Excerpts from a dataset:
══════════

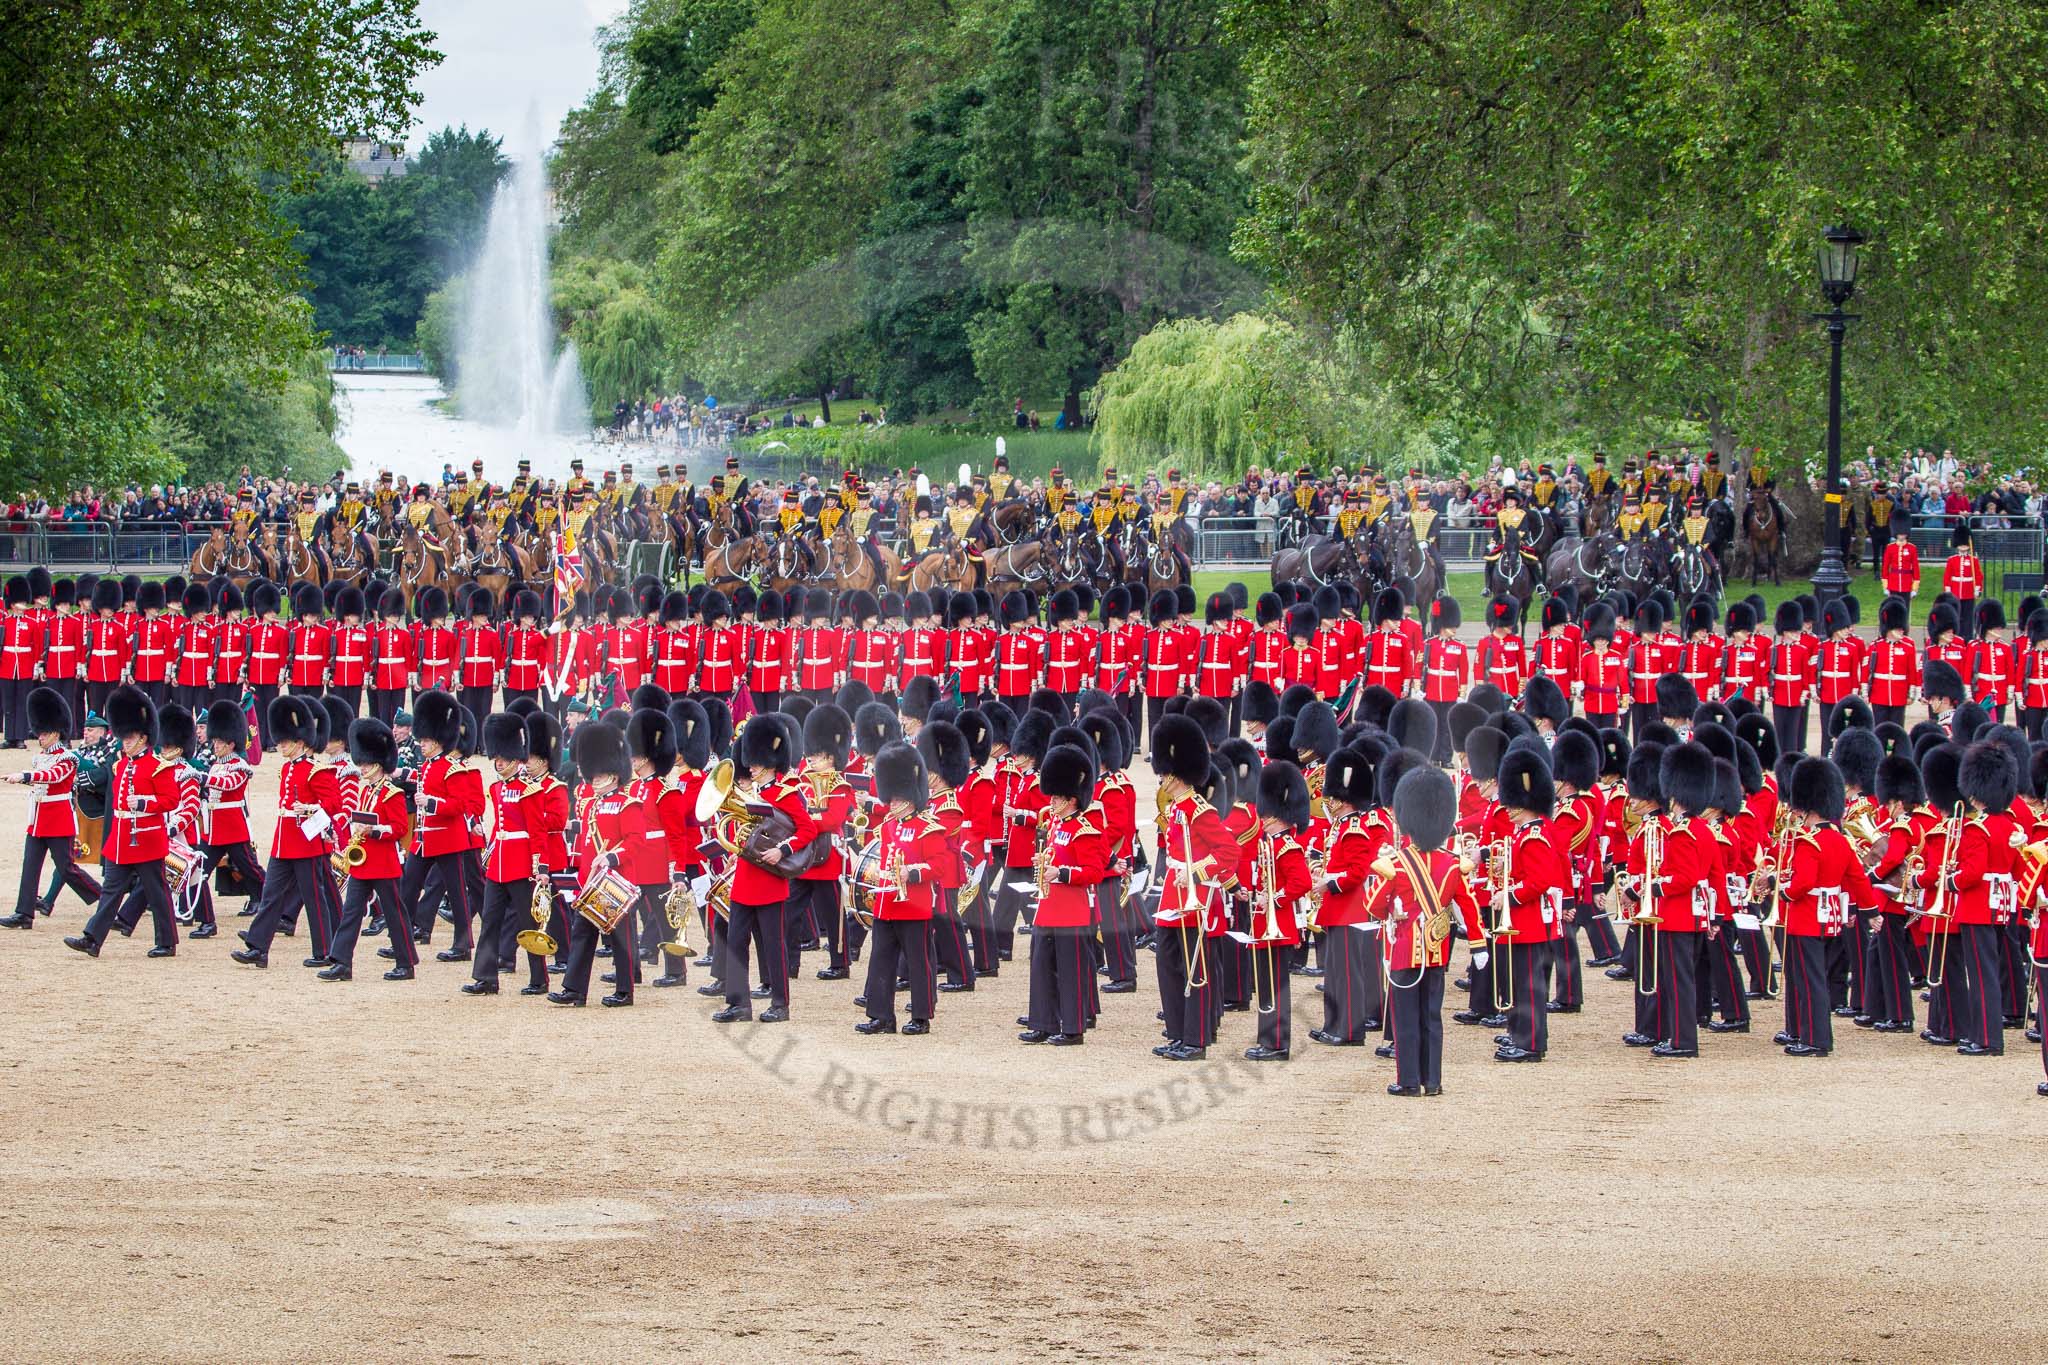 The Colonel's Review 2012: The Massed Bands are moving from the centre of Horse Guards Parade towards their initial position on the western side..
Horse Guards Parade, Westminster,
London SW1,

United Kingdom,
on 09 June 2012 at 11:49, image #370

══════════

Exercise details — Line by line, write out the data above exactly, without the pictures.

Exercise result —
 The Colonel's Review 2012: The Massed Bands are moving from the centre of Horse Guards Parade towards their initial position on the western side..
Horse Guards Parade, Westminster,
London SW1,

United Kingdom,
on 09 June 2012 at 11:49, image #370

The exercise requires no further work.